Христос воскресе из мертвых, смертию смерть поправ,
И сущим во гробех живот даровав!

О семействе Гумилёвых, появившемся в Царском Селе в прошлом году, все говорили с почтением. Были они тут не чужими: в 1880-х отставной кронштадтский военный врач, статский советник Степан Яковлевич Гумилёв приобрёл царскосельский особняк на Московской улице, но в середине 1890-х уступил его своему приятелю, старшему врачу Кирасирского полка В. А. Бритневу, а сам с семьёй перебрался в Петербург. Позже несколько лет Гумилёвы жили в Тифлисе – то ли по необходимости гражданской службы Степана Яковлевича, имевшего прибыльную должность в "Северном страховом обществе", то ли по слабости здоровья сына Дмитрия, которому врачи грозили чахоткой. Так или иначе, но в 1903-м Гумилёвы вновь обосновались в Царском Селе. Глава семейства, страдавший ревматизмом, окончательно удалился на покой, а двое его сыновей выросли, окрепли и предуготовлялись для столичной гражданской или военной карьеры. Тогда же с отцовской семьёй воссоединилась и рано овдовевшая дочь Степана Яковлевича от первого его брака – Шурочка Сверчкова с потомством. В Царском Селе Гумилёвы устроилось основательно, сняв, на первое время, целиком большой дом в самом центре города. Сыновья были отданы под крыло И. Ф. Анненского в Николаевскую гимназию, а деловитая и строгая Сверчкова сама стала учительствовать в дорогой частной школе, недавно открытой в Царском Еленой Левицкой, энтузиасткой английской системы совместного обучения детей.

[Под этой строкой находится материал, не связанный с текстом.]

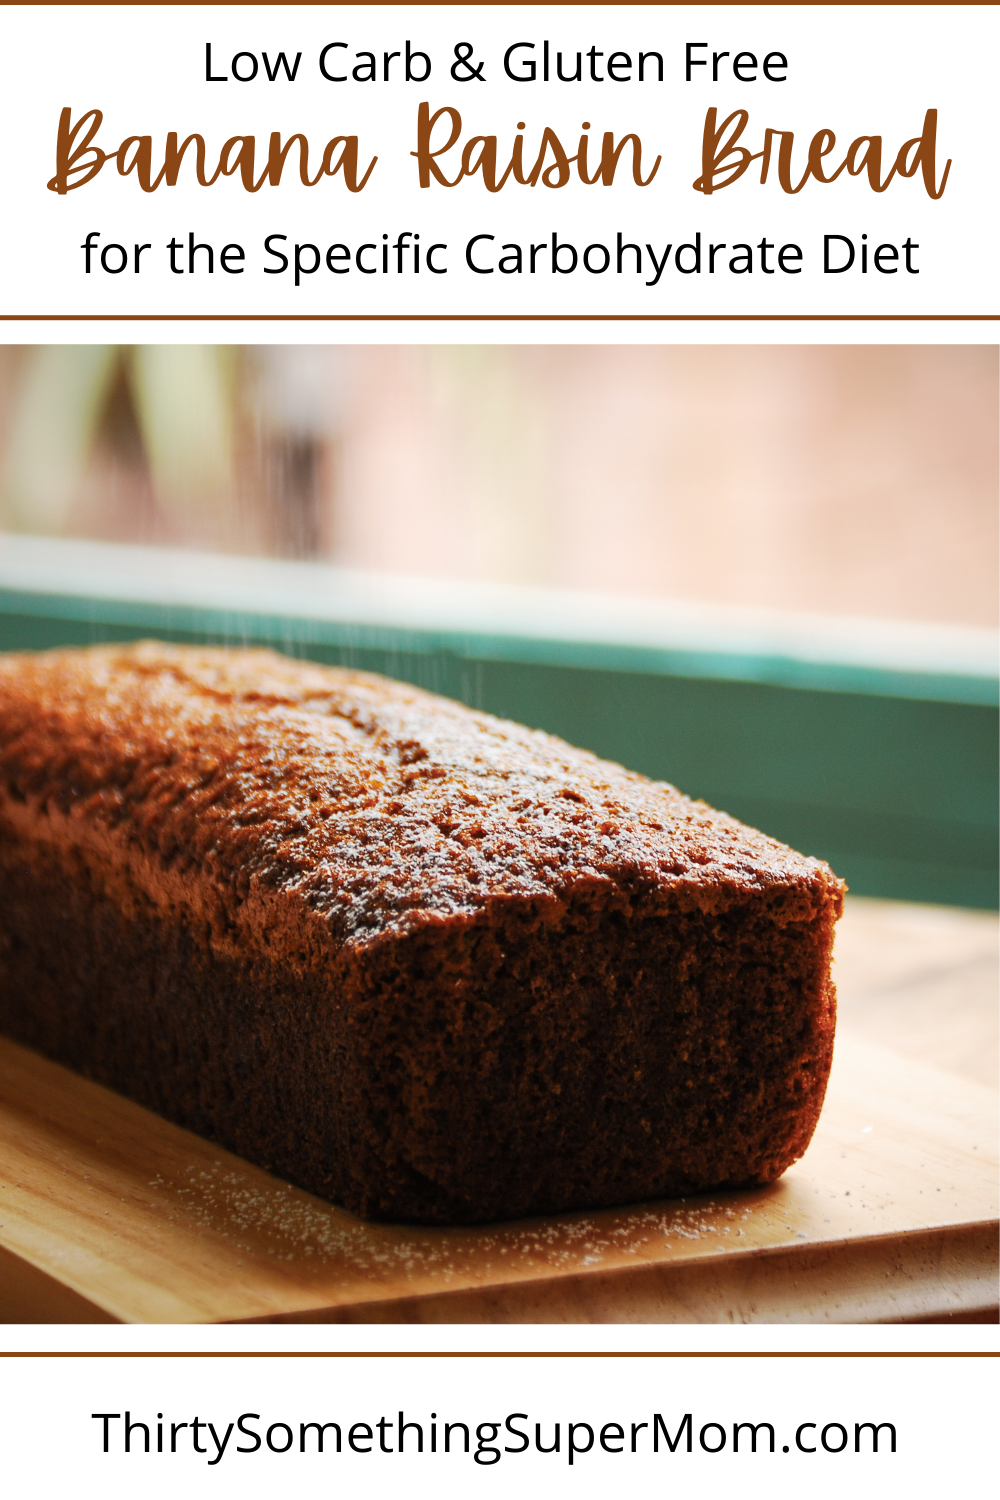 Banana Raisin Bread for the Specific Carbohydrate Diet

Семейство Степана Яковлевича Гумилёва знало разные времена, но всегда и везде производило впечатление стоявшего на ногах исключительно твёрдо. Сама фамилия, звучащая для знатоков латыни интригующе-странно – то ли "усмирённые", то ли "втоптанные в грязь", – красноречиво намекала на окружавшие род предания, уводившие в незапамятную, ветхую русскую средневековую старину. Шептались, что никакие они не Гумилёвы, а потомки неких несчастливых удельных князей, сокрушённых в жестокой борьбе между Москвой и Тверью и приговорённых московскими победителями носить во все времена новую фамилию как стальное неподвижное забрало. Тогда же пресеклась и родовая знатность Гумилёвых: всё их мужское потомство было призвано идти по стезе духовной. В этом легенда пересекалась с былью. Все обозримые предки Степана Яковлевича, действительно, предстояли у престолов разных храмов Рязанской губернии, только он, взбунтовавшись, отправился в Московский университет, стал медиком, служил на кораблях Балтийского флота. Вторая жена его, Анна Ивановна, урождённая Львова, вела род от тверских и курских помещиков. Тут были сплошь воители, три века сражавшиеся под знамёнами Москвы и Петербурга на суше и море – на Перекопе, под Азовом, Очаковом, Аустерлицем, Варной. Крепкая порода чувствовалась и в обоих братьях Гумилёвых, хотя Дмитрий был жизнерадостный красавец-атлет, а Николай имел черты неправильные, немного косил, склонялся к мечтательному одиночеству и, кажется, писал стихи. Жили все Гумилёвы дружно, открыто, хлебосольно, зажиточно, старших почитали, посты соблюдали, молились истово за Царя, Отечество и свой день насущный – в душевной простоте. Но простаками не были, знакомства заводили с разбором и знали себе цену.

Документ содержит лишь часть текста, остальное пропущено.